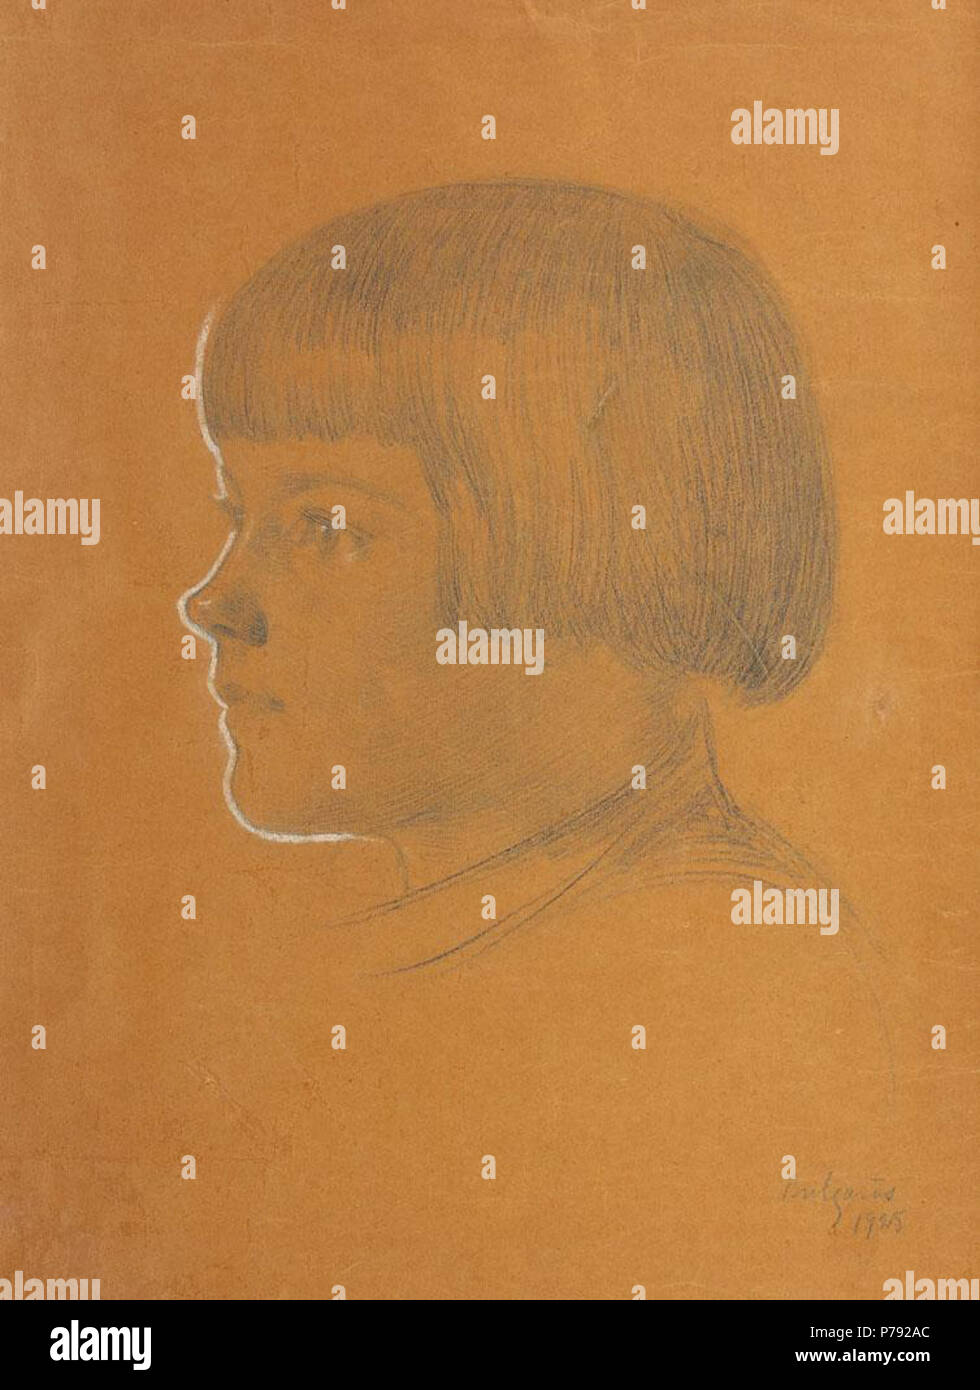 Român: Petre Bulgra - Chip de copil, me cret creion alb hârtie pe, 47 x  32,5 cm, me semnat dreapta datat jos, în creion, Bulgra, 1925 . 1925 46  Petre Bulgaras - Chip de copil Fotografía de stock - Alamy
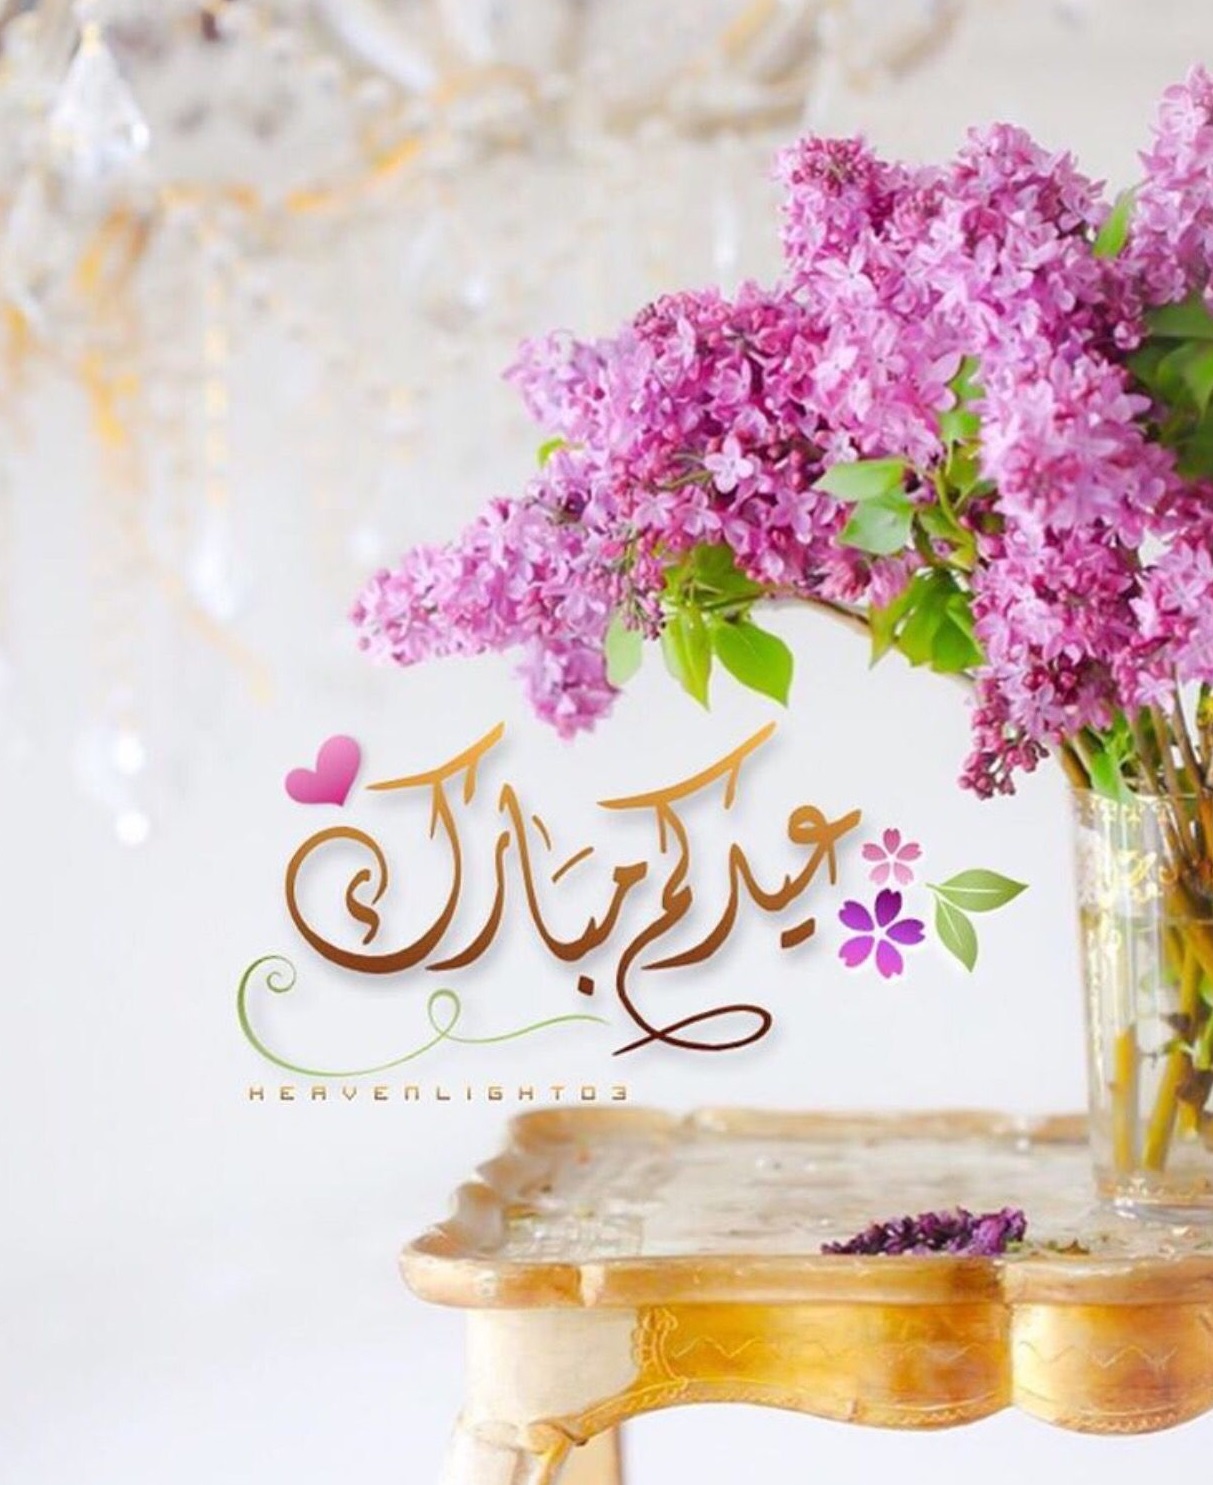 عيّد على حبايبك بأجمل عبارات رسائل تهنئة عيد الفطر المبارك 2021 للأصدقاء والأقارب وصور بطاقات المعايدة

++++

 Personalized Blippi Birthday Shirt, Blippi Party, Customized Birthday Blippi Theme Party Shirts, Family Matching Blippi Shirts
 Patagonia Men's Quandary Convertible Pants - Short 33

++++

### What this task involves
Copy out, word for word, the part of the entries above that begins at the line with "Personalized Blippi Birthday" and ends at the line with "Patagonia Men's Quandary", including both.

### Task answer
 Personalized Blippi Birthday Shirt, Blippi Party, Customized Birthday Blippi Theme Party Shirts, Family Matching Blippi Shirts
 Patagonia Men's Quandary Convertible Pants - Short 33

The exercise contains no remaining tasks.